Abstract

3564 Background: Lethal-7 (let-7) microRNA has been shown to inhibit colon cancer cell proliferation by inducing KRAS downregulation after binding to specific sites in the 3’- UTR. Recent studies identified a KRAS 3’-UTR polymorphism in the let-7 complimentary site (LCS6) that has been shown to weaken let-7 binding and alter KRAS expression. Carriers of the LCS6 G-allele showed worse survival in metastatic colorectal cancer from prior studies of limited sample size. In the current study, we evaluated the LCS6 variant in 2,834 Stage III colon cancer patients and its association with disease-free survival (DFS), KRAS mutation status, and other clinicopathological features. Methods: In the NCCTG phase III trial (N0147), the LCS6 variant was assayed in germline DNA extracted from whole blood using RT-PCR. Extracted tumor DNA was analyzed for KRAS exon 2 mutations. Chi-squared and two-sample t test were used to compare baseline factors and KRAS mutation status between patients defined by LCS6 variant status. Log-rank tests and multivariate Cox models assessed the unadjusted and adjusted associations between LCS6 status and DFS, respectively. Results: We identified 432 (15.2%) patients heterozygous or homozygous for the LCS6 G-allele and 2402 (84.8%) patients homozygous for the LCS6 T-allele.

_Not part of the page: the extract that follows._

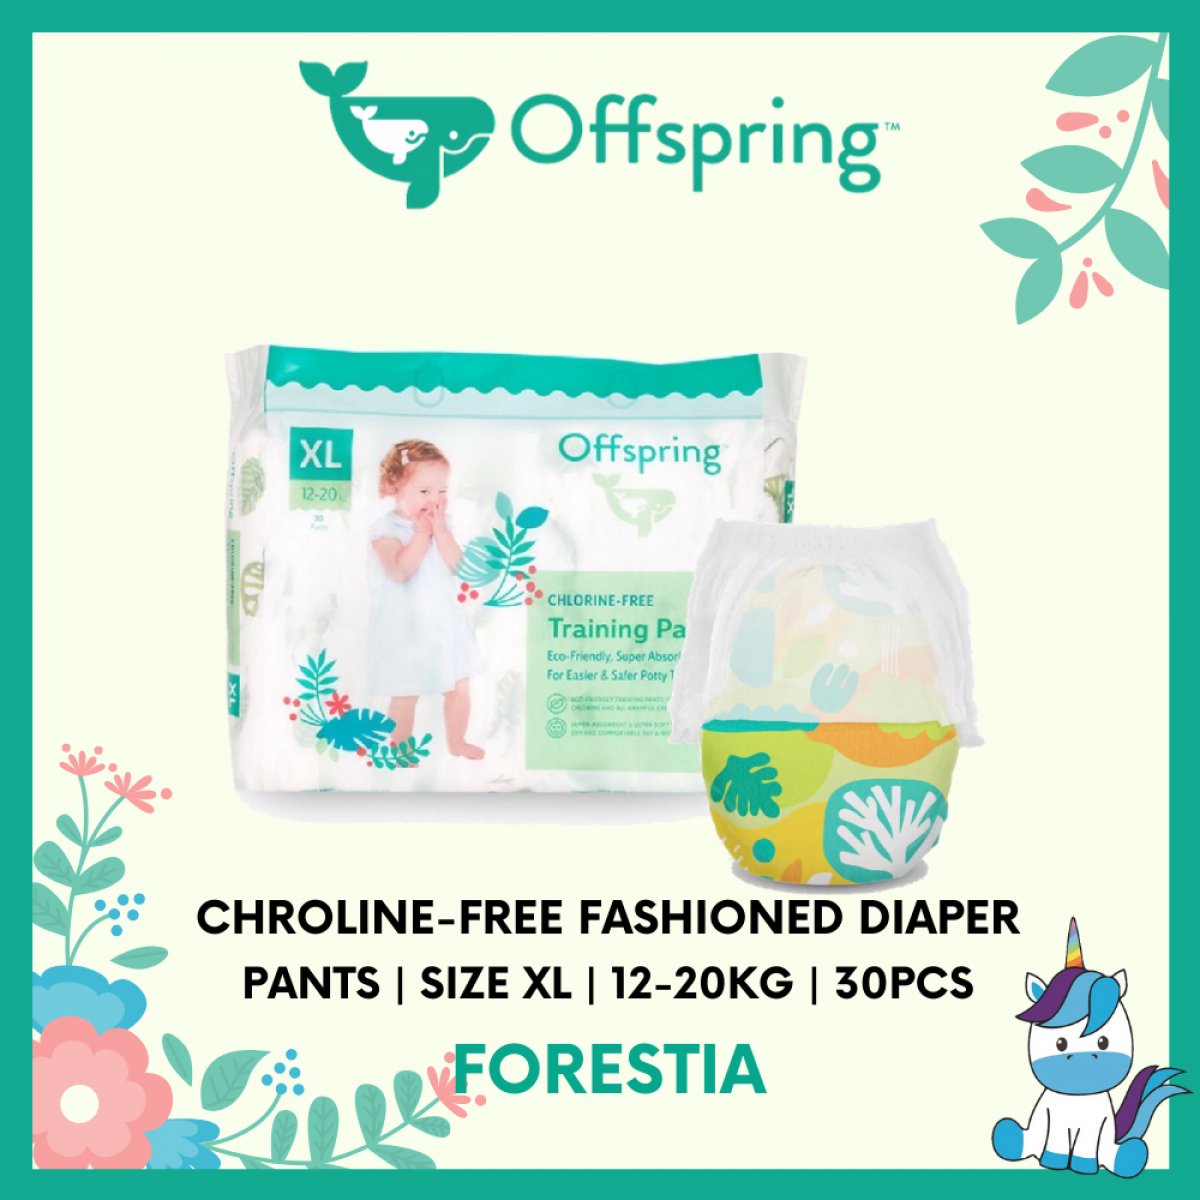 Offspring Chroline-Free Fashioned Pants Diaper XL 30pcs

G-allele carriers were significantly more frequent in Caucasians than other races (Chi-Squared Test, p<0.0001). No associations were found between the LCS6 genotype and T stage, positive lymph node number, tumor differentiation, or primary tumor location (all p>0.2). Moreover, the LCS6 genotype was not associated with DFS (hazard ratio = 0.93, p=0.49) even after combining LCS6 genotype with KRAS mutation status. Conclusions: We report the largest association study investigating the LCS6 polymorphism and colon cancer outcome. There is no significant evidence that the germline LCS6 genotype was associated with DFS in stage III colon cancer patients. Additional studies are needed to determine if LCS6 genotype differs between tumor and germline DNA which may further clarify its prognostic value.